The balikbayan box became popular circa the 1980s in the United States due to the influx of overseas Filipino workers in the country. The first freight forwarder to offer balikbayan box services was Rico Nunga, who started REN International in Los Angeles, California, in 1981. The following year, Ramon Ungco, a Filipino residing in New York City, founded Port Jersey Shipping International. These two companies are considered the pioneers of door-to-door delivery of balikbayan boxes, which back then were charged import duties upon arrival in the Philippines.

On June 30, 1987, then-Philippine President Corazon Aquino enacted Executive Order No. 206. This order amended Section 105 (f), and added a new subsection (f-1) to Republic Act No. 1937, also known as the Tariff and Customs Code of the Philippines, which was signed into law on July 22, 1957, by former president Carlos P. Garcia.

The amended Section 105 of the Tariff and Customs Code of the Philippines provides duty- and tax-free privileges to balikbayan boxes sent to the Philippines by overseas Filipino workers (OFWs) as recognition of their labors in foreign lands, as well as bringing additional foreign exchange annually, that contributed to the national recovery effort. This allowed tax-free entry of personal goods into the country from Filipinos overseas. People then began sending balikbayan boxes through friends and co-workers returning to the Philippines.
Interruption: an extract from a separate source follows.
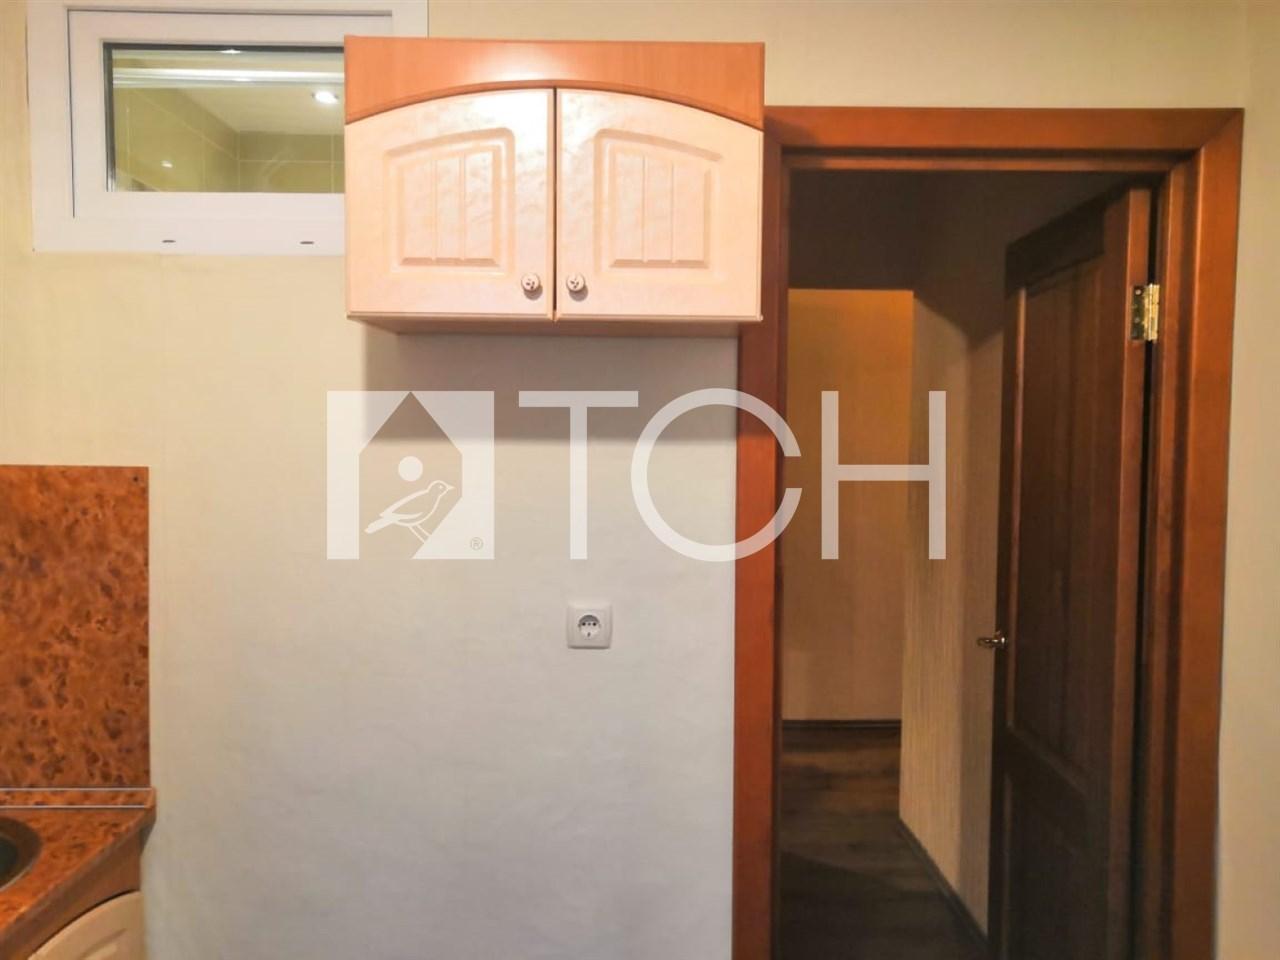 Квартира, 2 комнаты, 44 м² в Ивантеевке 89261425000 купить 8

After the September 11 attacks in the US, and the passage of the Patriot Act by the US Congress, balikbayan boxes have been subjected to rigorous inspections by the United States Department of Homeland Security's Out-Bound Exam Team that caused delays of up to three weeks at the US Customs inspection facility. This extended shipping time from 21 days to over 30 days. The inspections also resulted in opened balikbayan boxes and complaints of package pilferage and mishandling. The Philippine Bureau of Customs also conducts 100% inspections that added to the burden of delayed shipments. The inspections are the result of some unscrupulous individuals using balikbayan boxes to smuggle commercial items without paying taxes, or to smuggle contraband. Since balikbayan box shipping is a consolidated shipment, one illegal item will affect all approximately 400 packages in the container. The inspection process has been modernized with the installation of high performance X-ray machines.

In 2012, these delays were further aggravated by the decision of the City of Manila to impose a truck ban on the route to the Port of Manila, causing backlogs in releasing and transporting all cargo, domestic and international. Most balikbayan box companies, which are based in Parañaque near the airport, were significantly affected by the truck ban until it was resolved.

The industry was scrutinized by the Philippine Senate in 2015, after complaints were brought to the attention of the public via social media after the Philippine Customs Commissioner, Albert Lina, announced the opening of balikbayan boxes for inspection and additional taxes to be imposed. The inquiry brought the passage of the Customs Modernization Act, which had been pending for years, and the inclusion of the Balikbayan Box Law in the act, increasing the tax-exemption ceiling from PHP 500 to PHP 150,000. This included items being brought home by Filipino tourists from trips abroad, pasalubong or gifts, and returning resident shipments.

To protect consumers, the Department of Trade and Industry (DTI), through its Philippine Shipper's Bureau, conducts regular accreditation of international freight forwarders and discourages consumers from patronizing unaccredited and incredibly cheap shipping companies.

According to the Door to Door Consolidated Association of the Philippines 400,000 balikbayan boxes arrive in the Philippines monthly.

Description
Balikbayan boxes may contain items the sender thinks the recipient would like, regardless of whether those items can be bought cheaply in the Philippines, such as non-perishable food, toiletries, household items, electronics, toys, designer clothing, or items difficult to find in the Philippines. A balikbayan box intended for air travel is designed to conform to airline luggage restrictions and many Filipino stores sell them. Some boxes come with a cloth cover and side handles. Others are tightly secured with tape or rope, and thus not confused with an ordinary moving box that is lightly wrapped.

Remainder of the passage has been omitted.